# Schrader fireplace



## Wood Burning man (Jan 13, 2018)

I have a Schrader fireplace probably 1980s circa that has trees on the doors has a 8-inch flu coming out the top Center of stove. I am having trouble finding adapter for the stove that will fit over the 8 coming out to the 8 inch stove pipe. Any ideas on where to locate this?


----------



## Wood Burning man (Jan 13, 2018)

This is a picture of the stove in question. Thanks for any help I can get.


----------



## Jan Pijpelink (Jan 13, 2018)

Check this: http://www.woodmanspartsplus.com/Search.aspx?key=stove pipe adapter


----------



## coaly (Jan 13, 2018)

Is this a Fireplace Insert with no legs called a Fireplace Insert, or freestanding stove?

The connector pipe goes inside the collar on a stove. If the crimped end doesn't fit, crimp smaller with hand crimpers until it fits.
An insert uses a "boot" to connect to the flue liner that should extend all the way to the top of chimney.


----------



## Wood Burning man (Jan 13, 2018)

coaly said:


> Is this a Fireplace Insert with no legs called a Fireplace Insert, or freestanding stove?
> 
> The connector pipe goes inside the collar on a stove. If the crimped end doesn't fit, crimp smaller with hand crimpers until it fits.
> An insert uses a "boot" to connect to the flue liner that should extend all the way to the top of chimney.

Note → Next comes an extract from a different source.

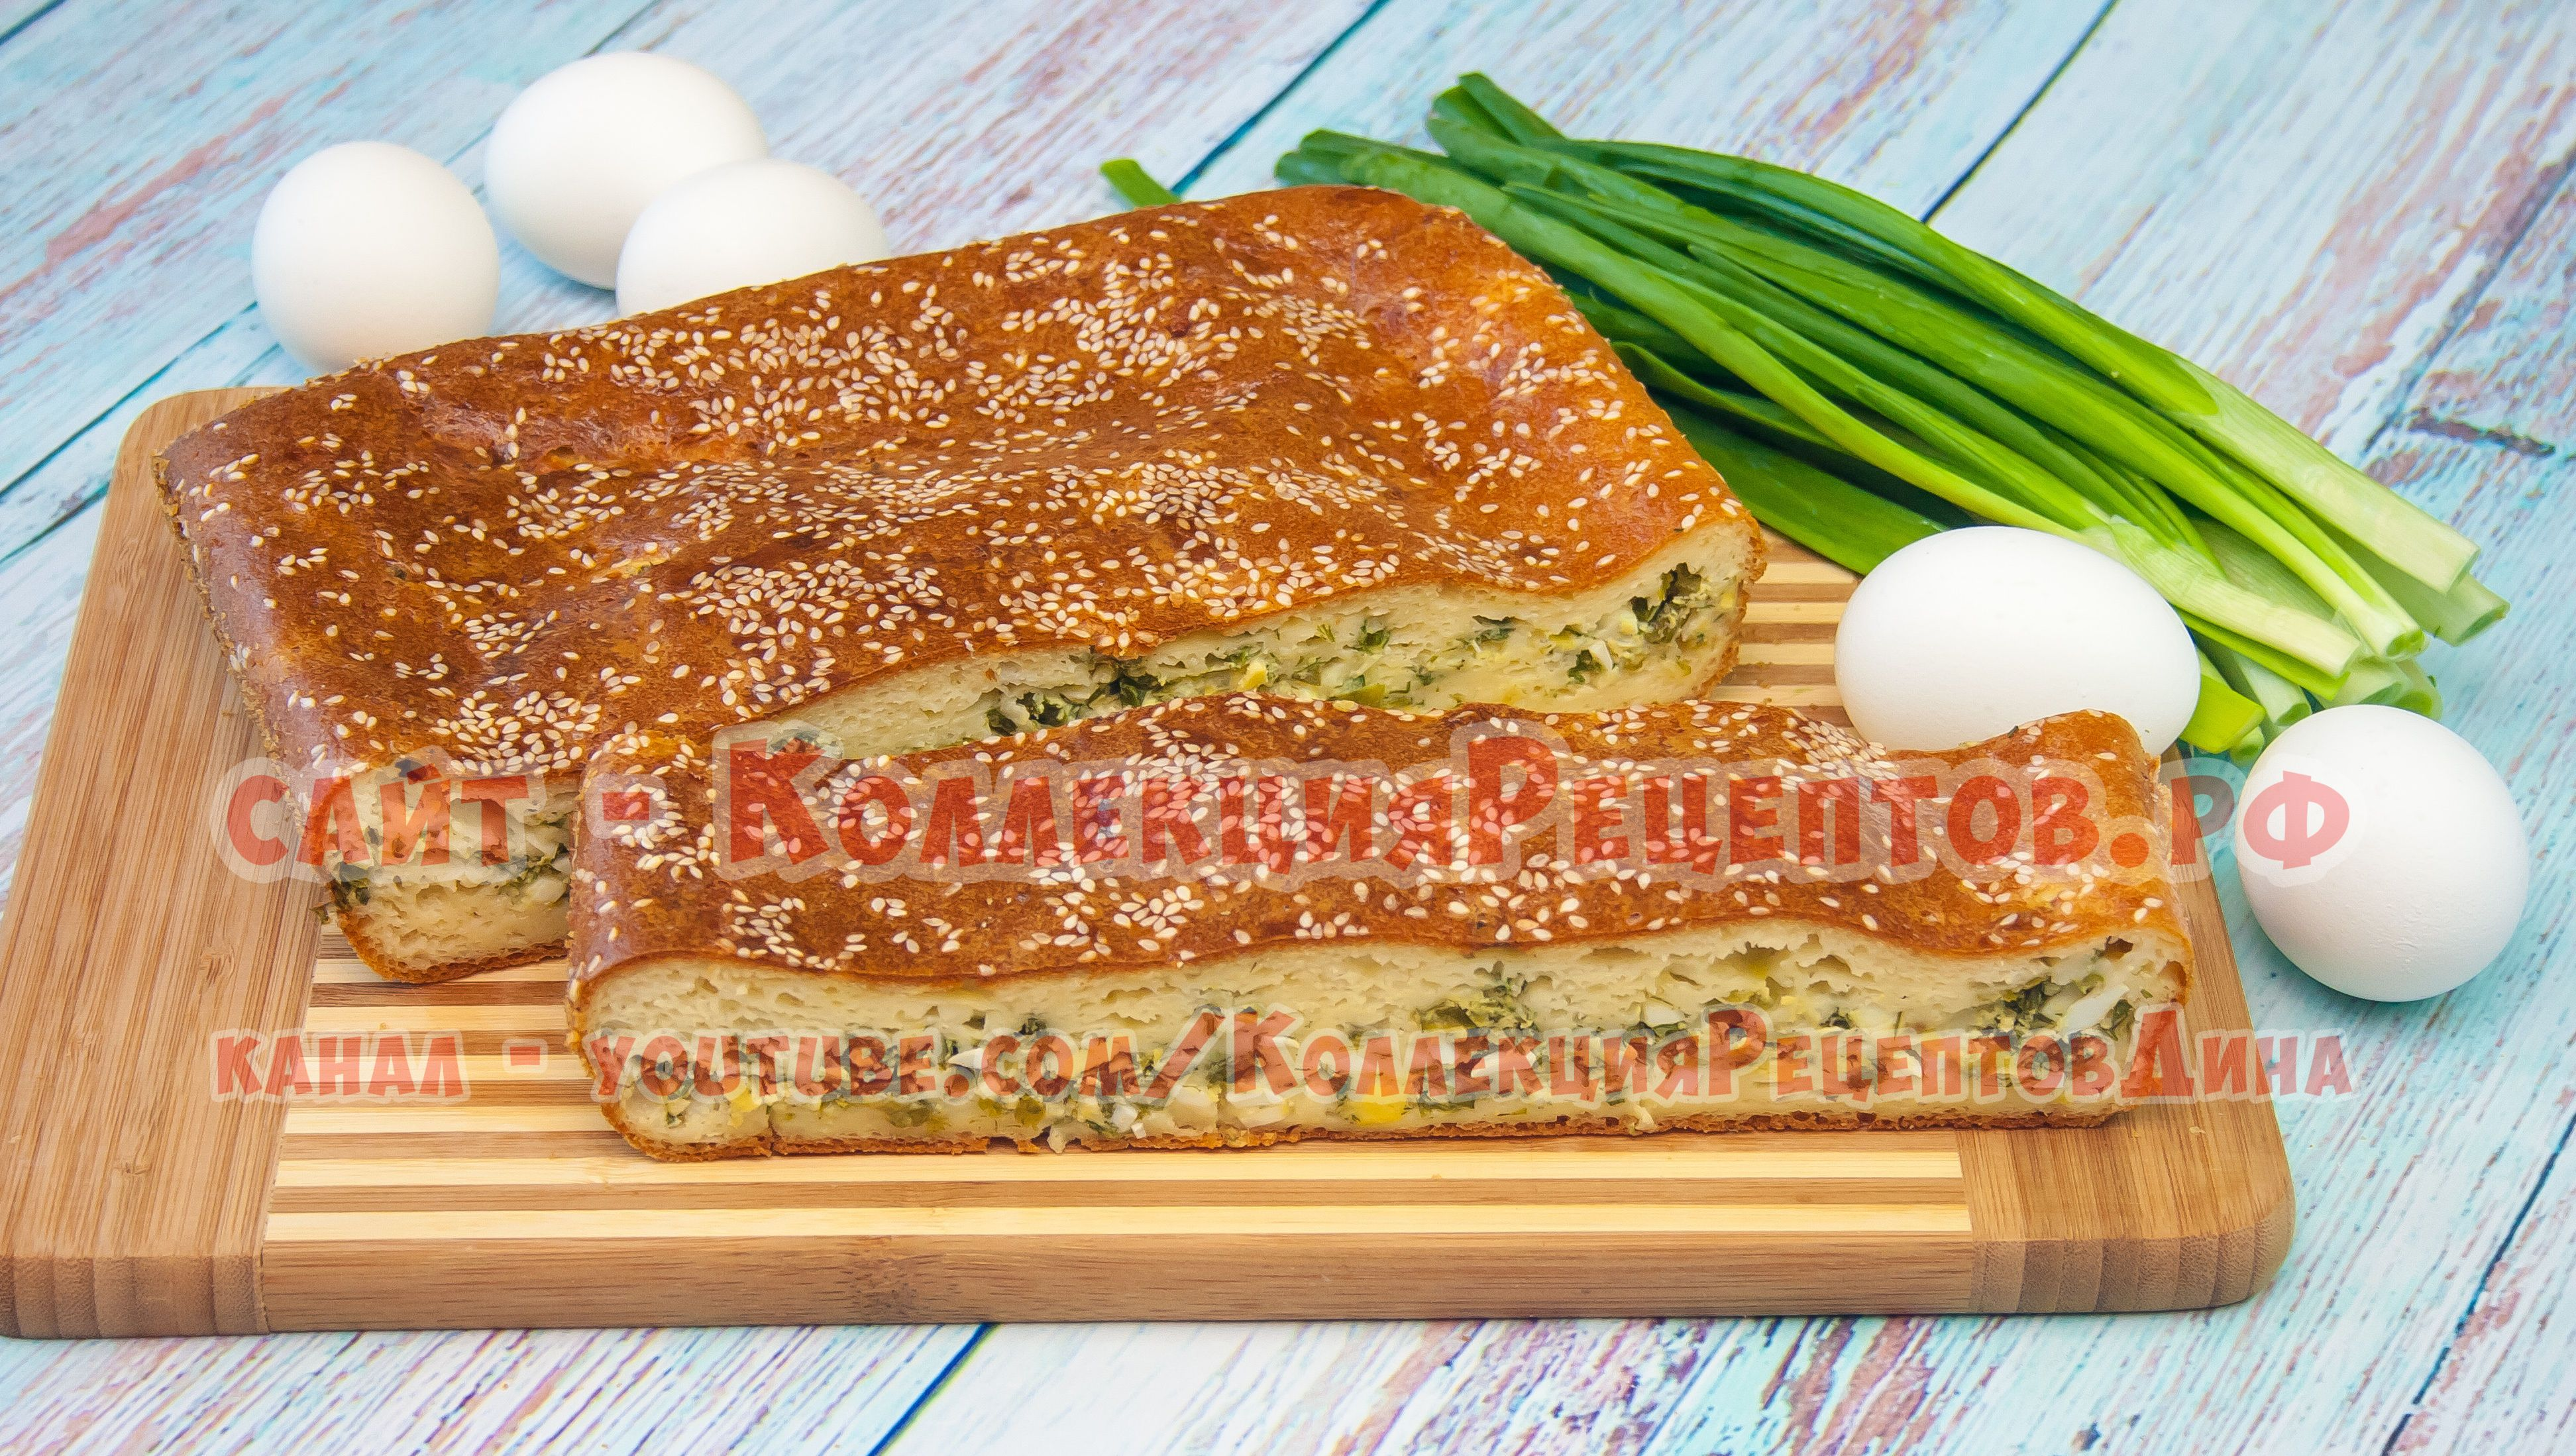 Заливной пирог с зеленым луком и яйцами рецепт пошагово

It is a free standing stove.


----------



## coaly (Jan 13, 2018)

No adapter necessary.
Crimp the male end of connector pipe until it fits into the stove collar. Insert 3 screws through collar into pipe as well as at each pipe joint.
The pipe must be inside collar so any condensate can drip back into the stove to be consumed.


----------



## Wood Burning man (Jan 21, 2018)

Thanks for the input. This helps a lot.


----------